Globally it is estimated that between 100 million and one billion individuals are homeless. Notably, however, homelessness data from developing countries are particularly sparse and difficult to collect. Across developed and developing countries, homelessness is often understood through both the narrow lens of accommodations, or lack thereof, and broader perspectives in an effort to inform services and interventions for those affected. For example, while some countries employ a typology based on characteristics of housing quality or on the length of time an individual is homeless, other countries may use a typology based on risk or potential of facing houseless conditions.

There are some emerging cross-cultural categories for understanding homelessness in an international arena. For example, supplementation homelessness, whereby an individual is homeless in response to migration, is quite different from survival homelessness, whereby individuals are homeless because they are searching for improved opportunities. Crisis homelessness, a precipitant of homelessness produced by a crisis (such as a storm, earthquake, or war) is quite different from the previous two. These categories focus more on the etiology for homelessness rather than on factors directly associated with the homeless individuals’ culture, race, or premorbid socioeconomic status.

From a global perspective, much attention is given to homeless children and adolescents, often referred to as street children. It was estimated that there were 100 million street children worldwide in 1992, with 71 million of these children working and living on the streets full-time, 23 million working and living on the streets part-time, and approximately 7 to 8 million abandoned. While street children are considered among the homeless, the literature makes clear distinctions between homeless adults and homeless children. The most accepted definition of a street child is "any girl or boy for whom the street (in the widest sense of the word, including unoccupied dwellings, wasteland, etc.) has become his or her habitual abode and/or source of livelihood; and who is inadequately protected, supervised, or directed by responsible adults" (Glasser 1994, p. 54).

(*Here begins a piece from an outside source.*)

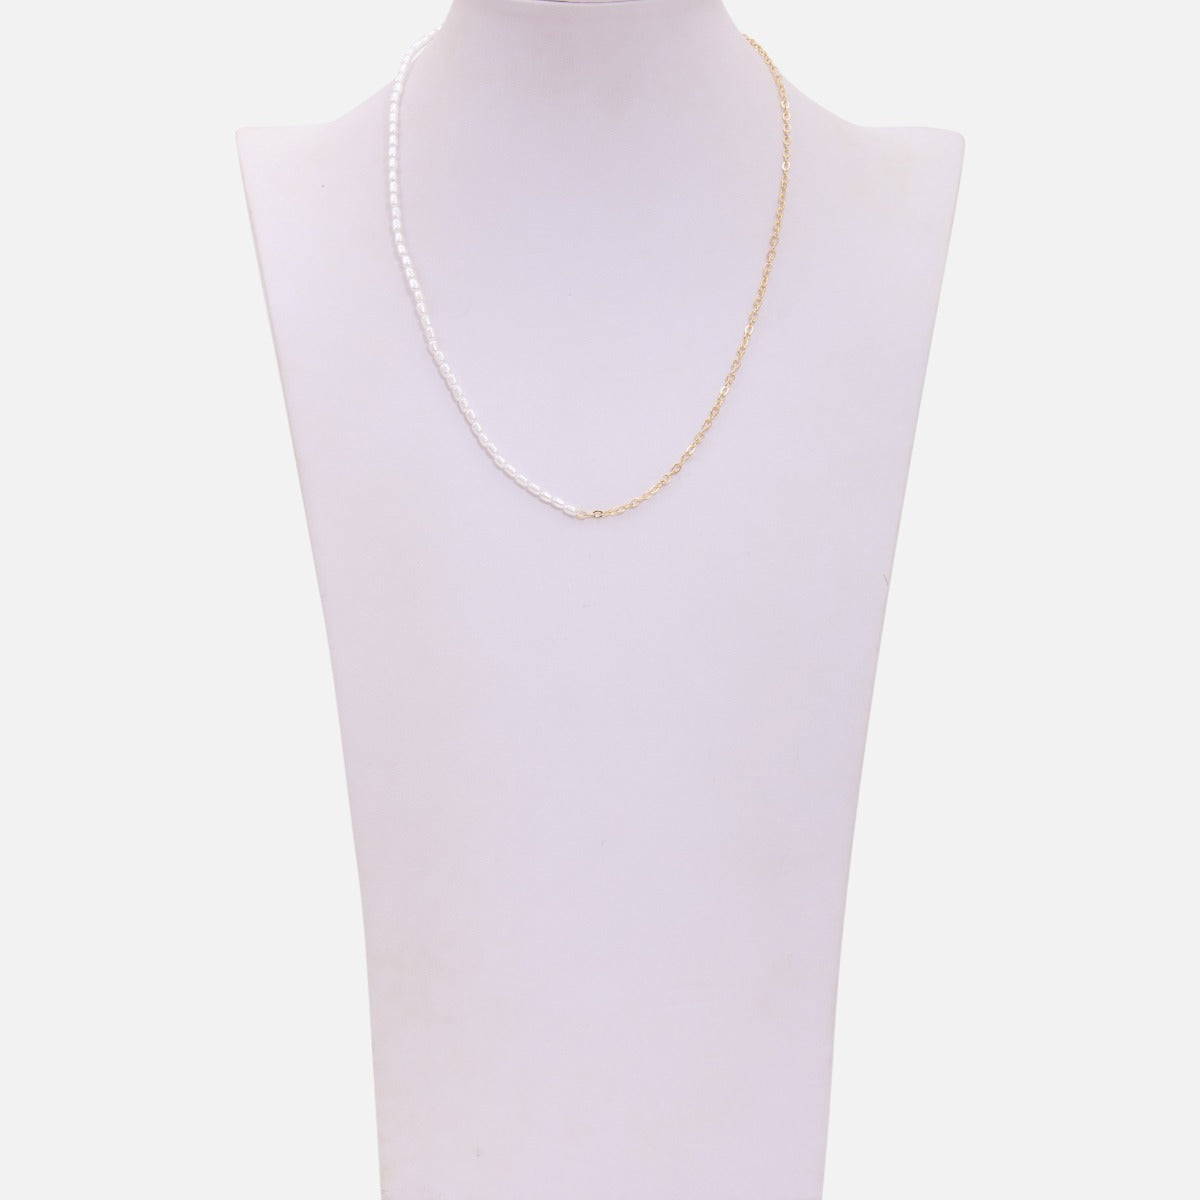 Necklace with half golden chain and half pearls

Such a definition addresses characteristics in addition to physical living arrangements with a broader consideration of a child’s basic needs (that is, need for security and socialization). Similar to the various typologies used to understand global homelessness among adults, a typology has been developed by UNICEF that differentiates street children who live at home and those who do not, which is particularly relevant given that the majority of street children have some contact with their families.

Specifically the literature has found that there are experiential differences between street children who are deemed at high risk of homelessness (that is, the child spends some time in the streets), street children who are in the streets (for example, they spend most of their time in the streets, usually working), and street children who are of the streets (that is, the street is the child’s home). As with the typologies used with homeless adults, these categories may be useful in determining the level and the type of services needed.

Homelessness is an international crisis. The understanding of who is most affected and under what conditions as well as the ability to programmatically remediate the social ills that promote this condition are further limited by the national definitions that are often internally valid but not well generalized internationally.